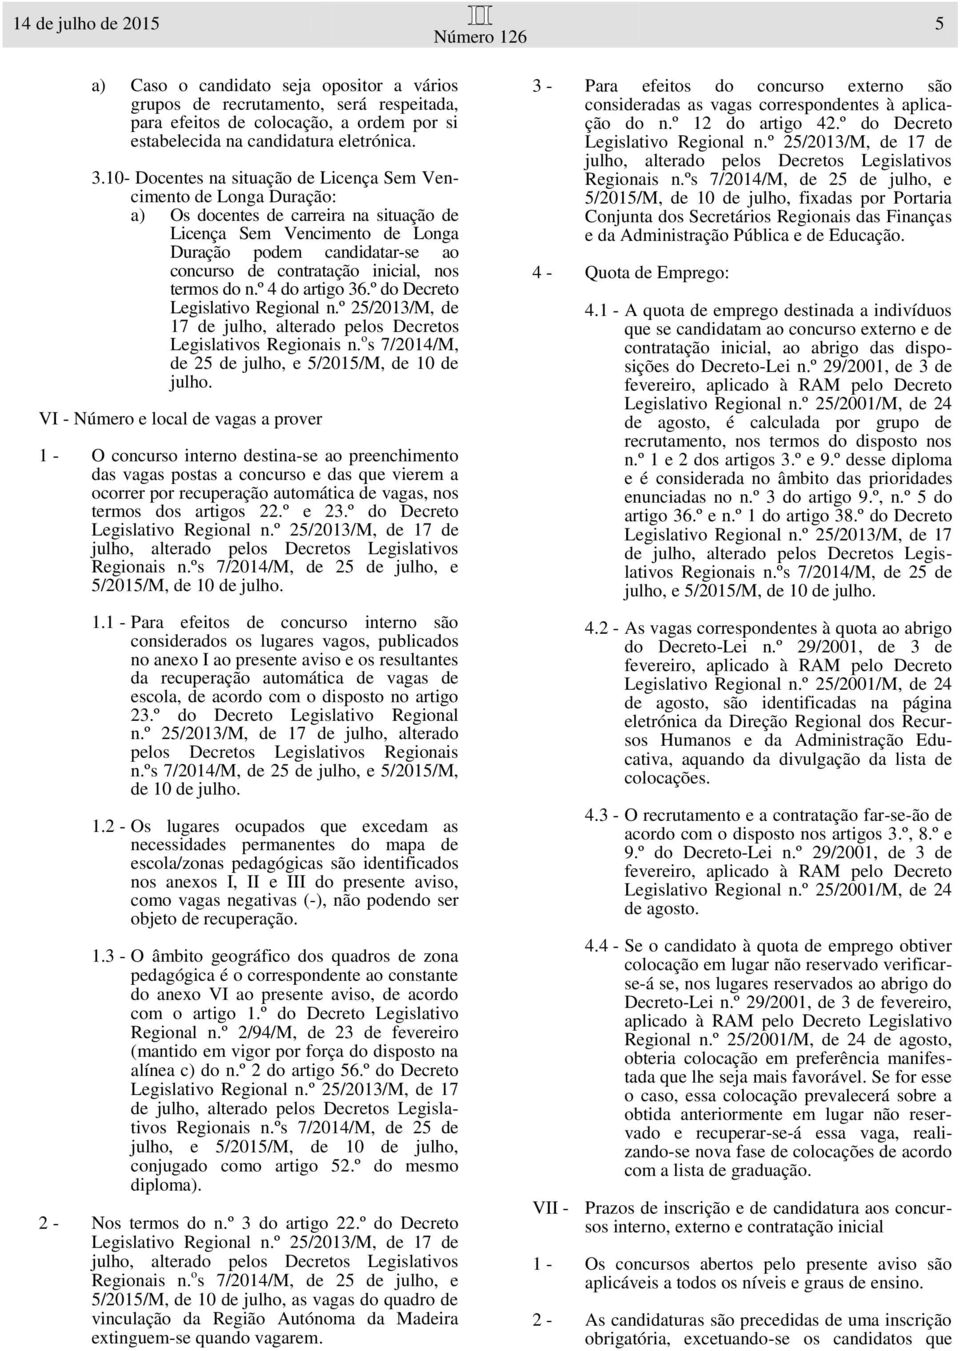 inicial, nos termos do n.º 4 do artigo 36.º do Decreto Legislativo Regional n.º 25/2013/M, de 17 de julho, alterado pelos Decretos Legislativos Regionais n.
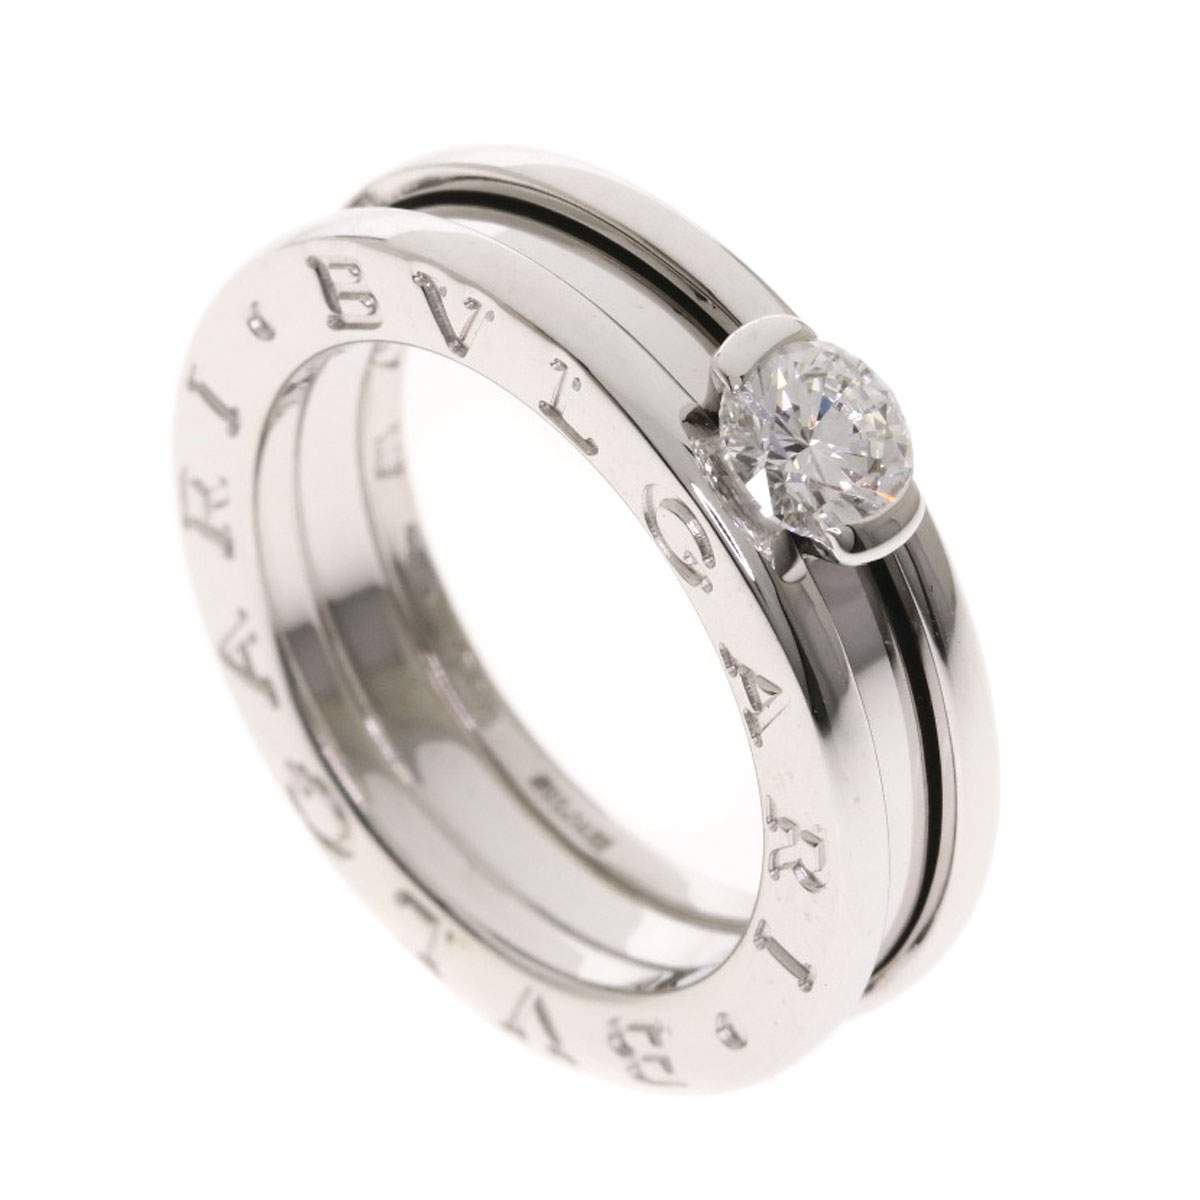 bvlgari engagement ring prices
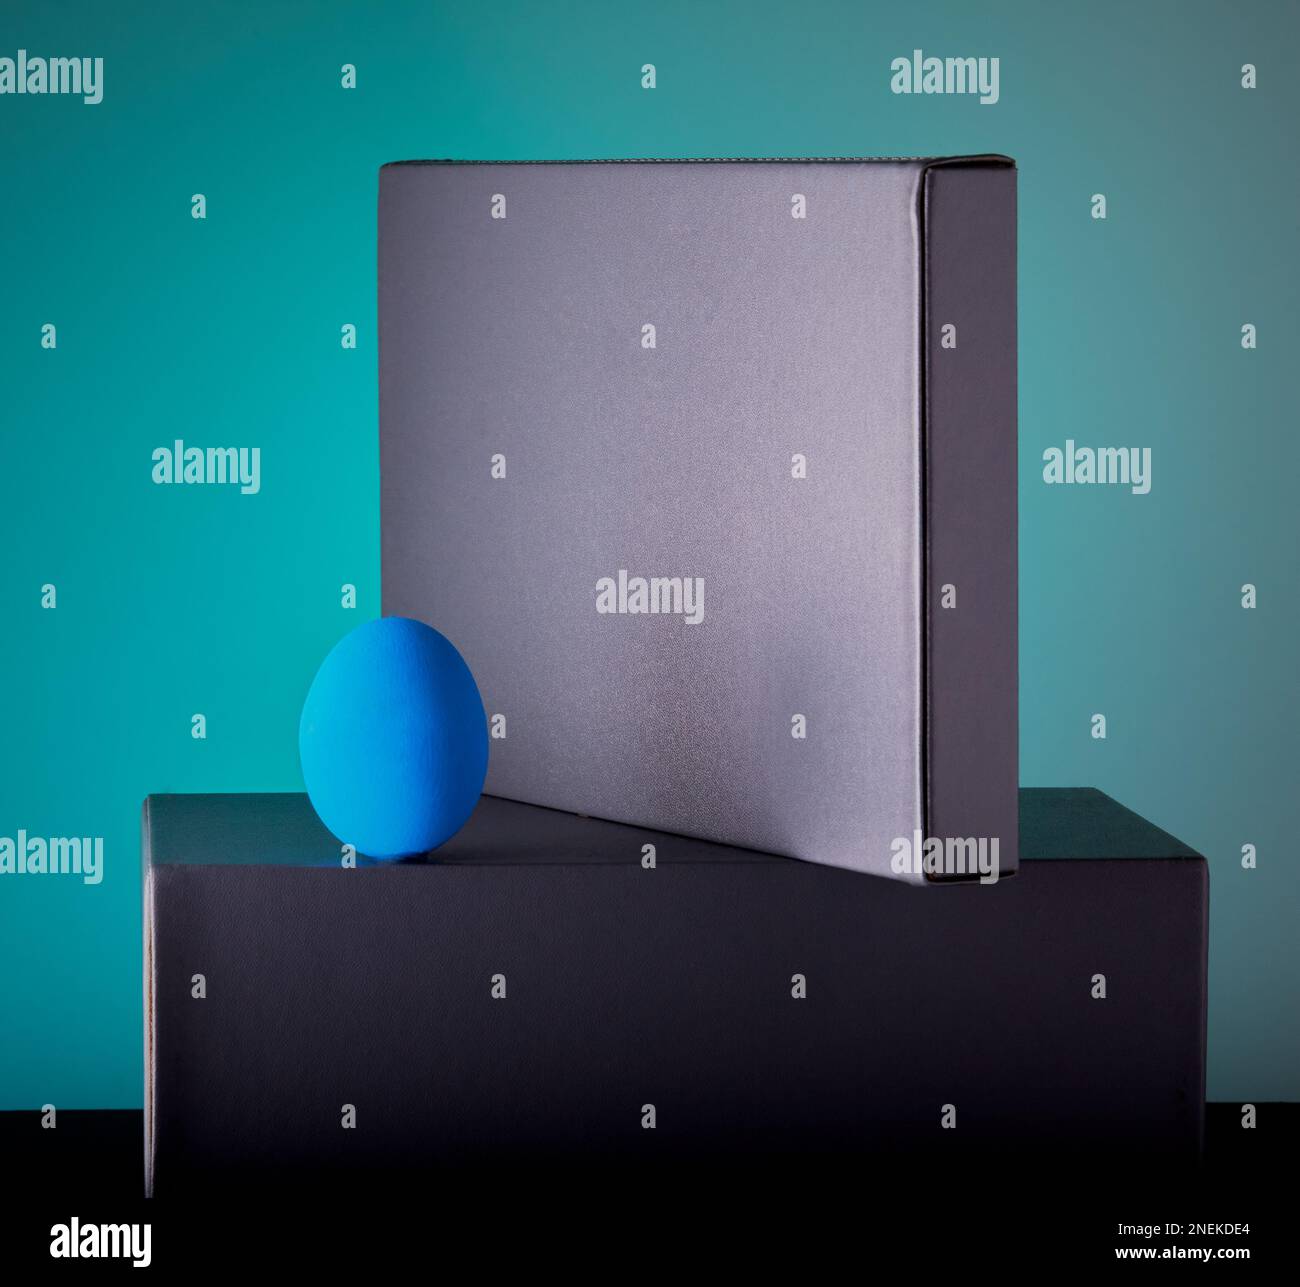 Ein neues Konzept mit einem blauen Ei auf einigen Studioblöcken mit blauem abgestuftem Hintergrund. Stockfoto
++++++++
■ **Your objective**
Apart from the images, reproduce the listing exactly as it appears.

■ **Answer to this problem**
 inicial, nos termos do n.º 4 do artigo 36.º do Decreto Legislativo Regional n.º 25/2013/M, de 17 de julho, alterado pelos Decretos Legislativos Regionais n.
 bvlgari engagement ring prices
 Ein neues Konzept mit einem blauen Ei auf einigen Studioblöcken mit blauem abgestuftem Hintergrund. Stockfoto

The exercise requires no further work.